Idris Raja

Hacking another NPR word problem

In hacking, word_puzzle on December 28, 2010 at 1:44 am

Last week’s puzzle: Name a city in the United States that ends in the letter S. The city is one of the largest cities in its state. Change the S to a different letter and rearrange the result to get the state the city is in. What are the city and state?

Now this one is admittedly pretty easy. We know that we need a state with 7 letters, and after finding this very convenient list on Wikipedia, I was able to scan the table and see that the answer is Yonkers, New York in less than a minute. But what if we had a list of hundreds of states? How could we ‘hack’ this puzzle?

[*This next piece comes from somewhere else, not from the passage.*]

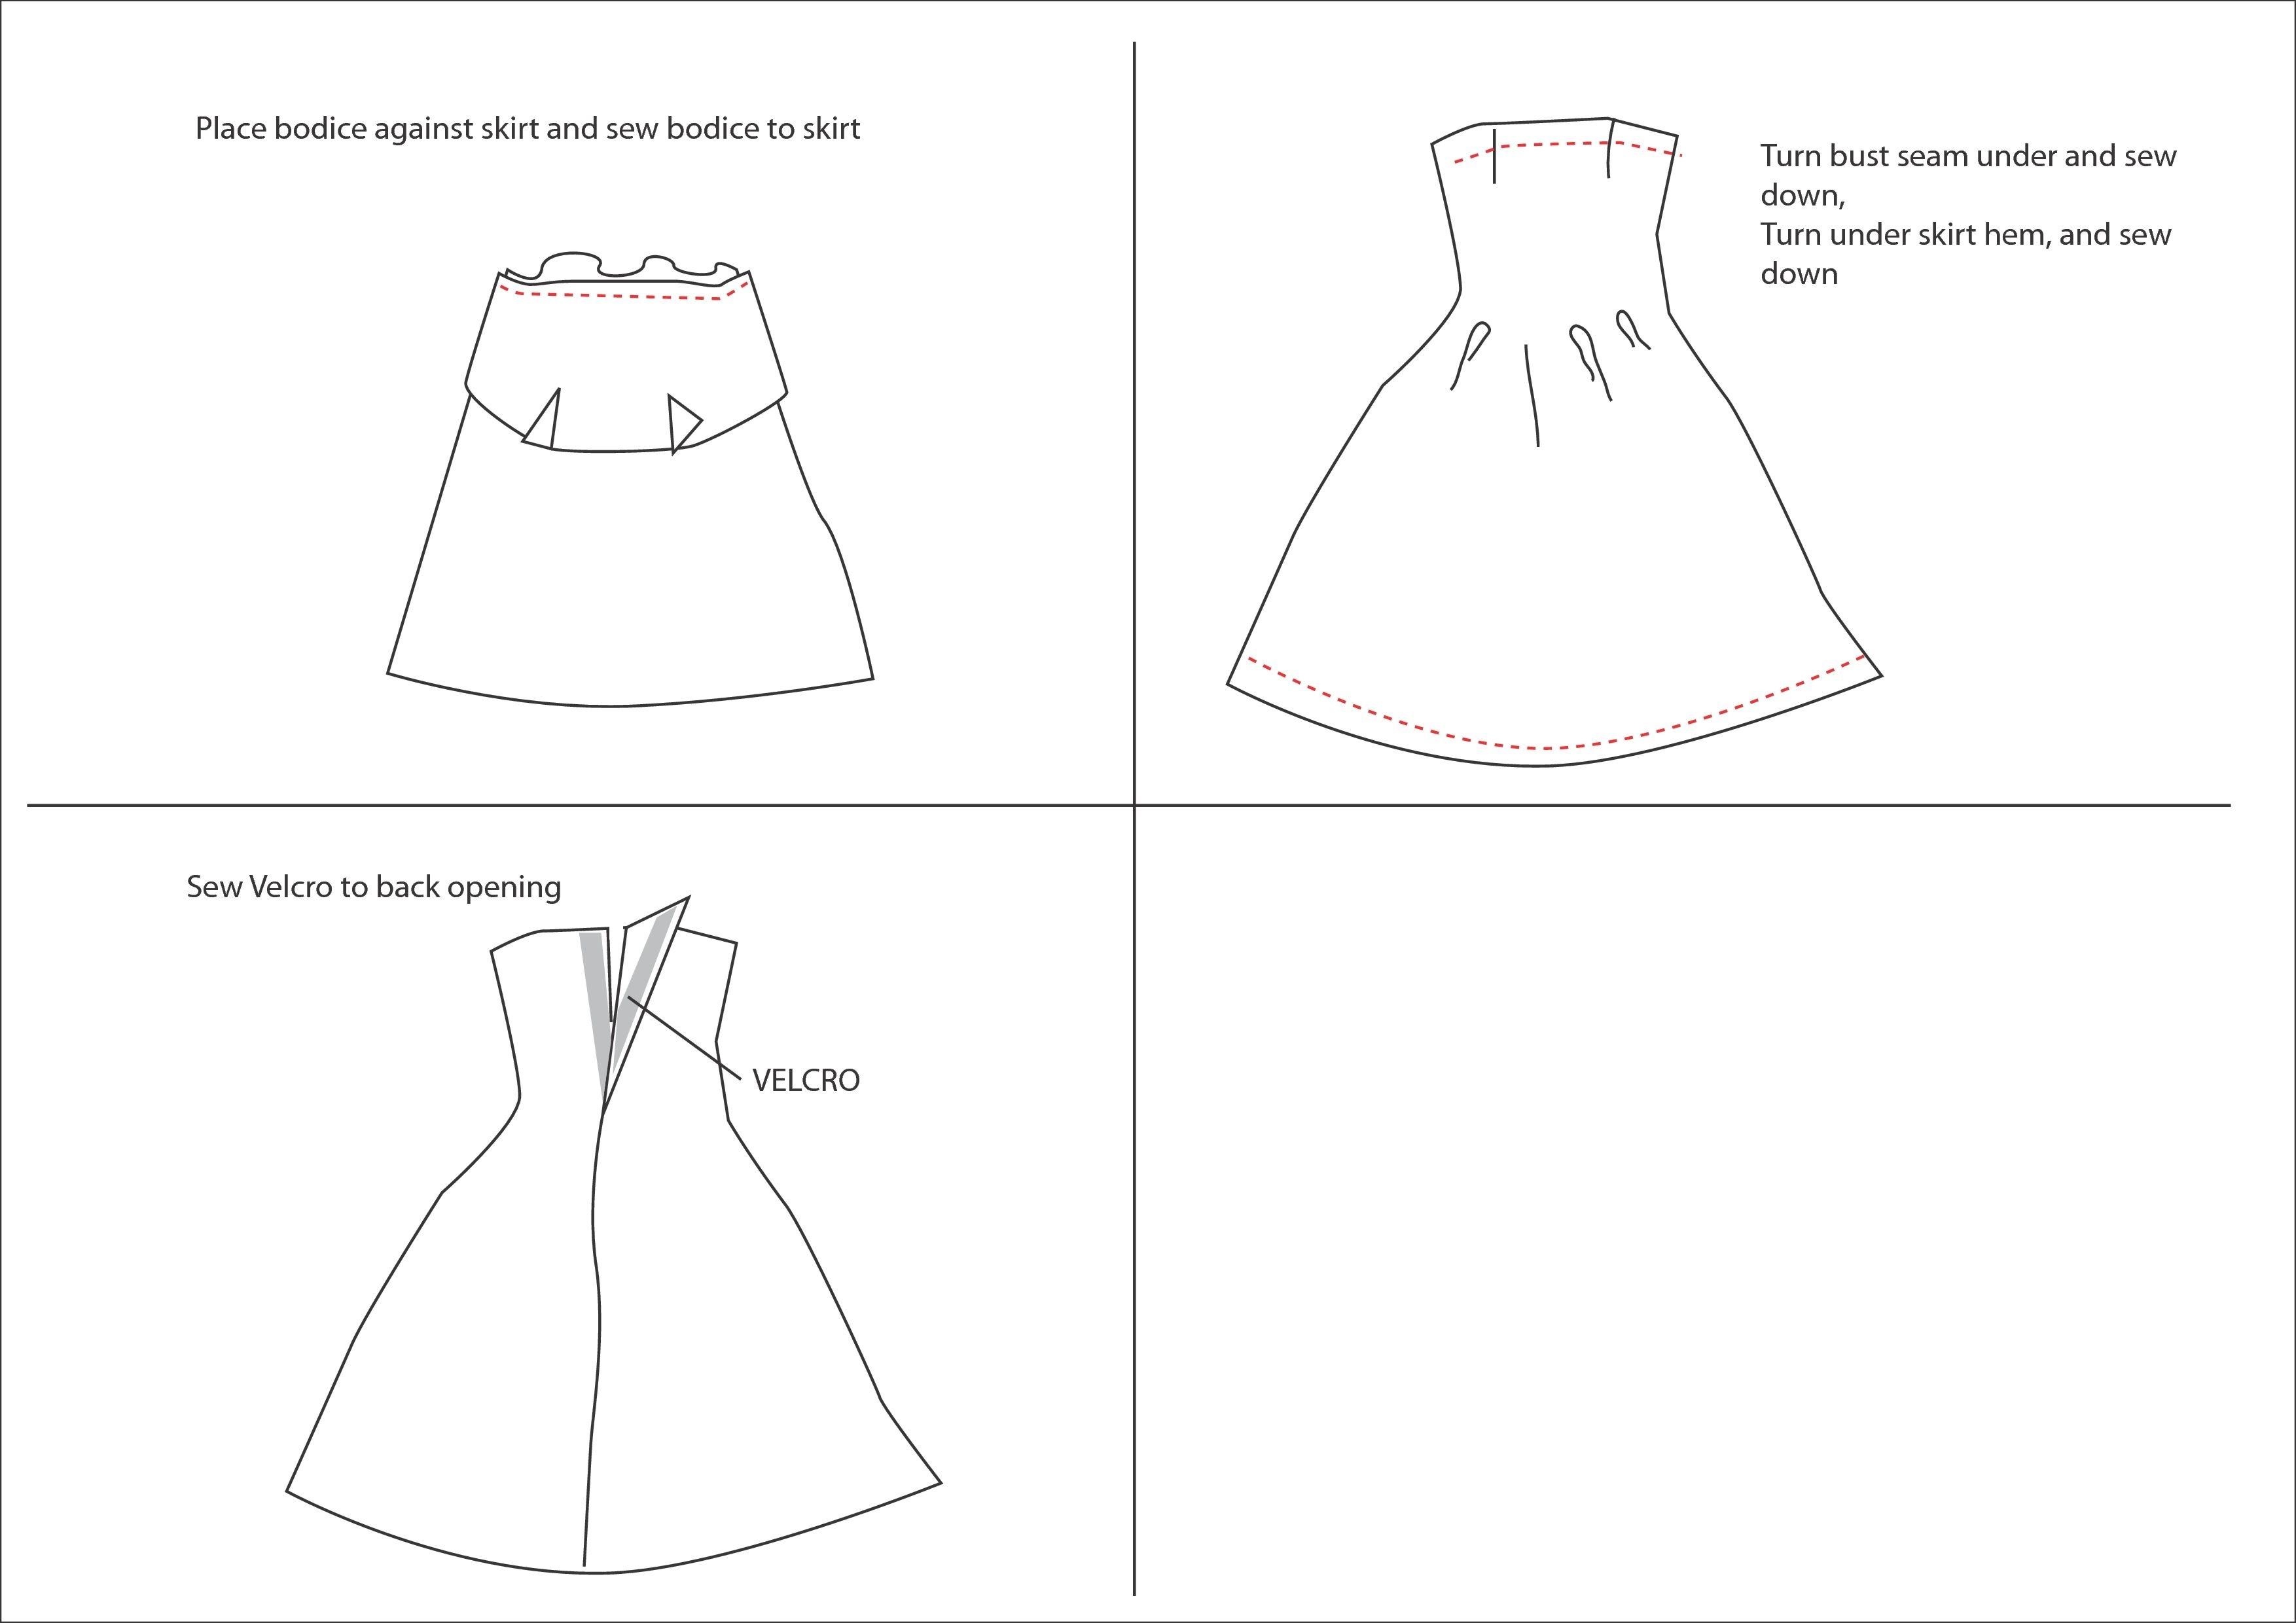 Barbie Dress Patterns Free Printable Pdf - Barbie Dress Patterns Free Printable Pdf
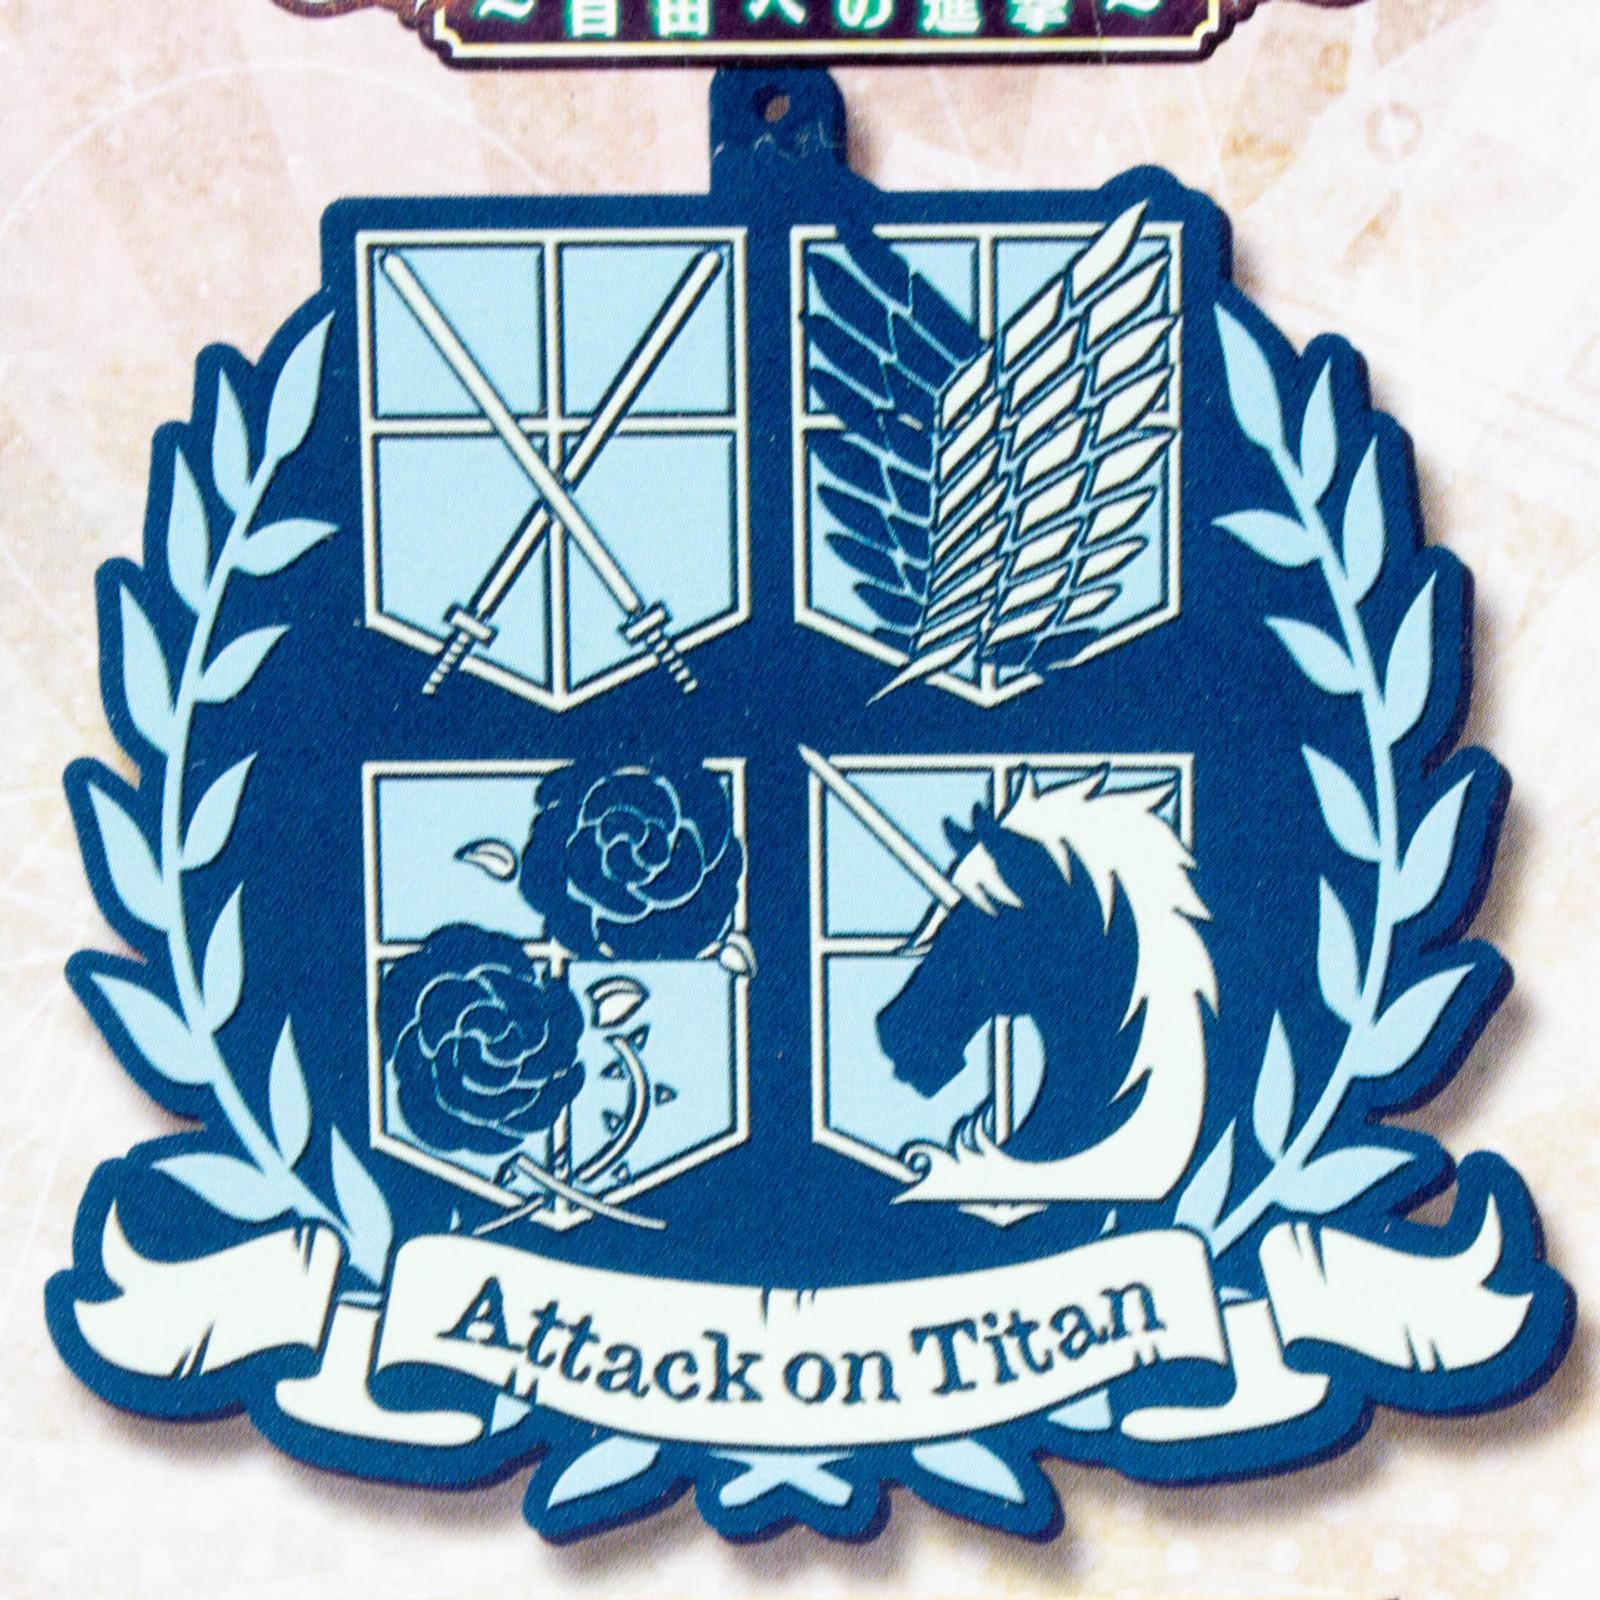 Attack on Titan Rubber Coaster Armband Arm Badge Banpresto JAPAN ANIME MANGA

First step is to grab that wikipedia page and save it as a file locally. Many ways to do this, my favorite way from the command line:

wget “’_largest_cities_by_population”

That will save the file in the local directory. I remaned the file to city.html.

The next step is to extract the information in the table. Load the page in Google Chrome and then right click anywhere on the table and choose ‘Inspect Element’. We can see that the state and city information is contained in a table with class = wikitable, and the individual rows are in tr tags.

After opening the page in a Python file and parsing it with the functions etree.parse and the etree.HTMLParser from the lxml module, We can use two XPath’s to get at this information.

xps1 = “//table[@class=”wikitable”]//tr’ and

xp2s = ‘.//td//a/text()’

The first captures all the tr tags in the table, and the second allows us to capture all the state and city information in the rows. From here it’s trivial, as we can simply see which states are seven letters long and have cities that are seven letters long – 13 total. If that was too many, we would need test to see which of those pairs share 6 of 7 letters.

I’ll leave that for now as next week’s puzzle seems a bit more challenging.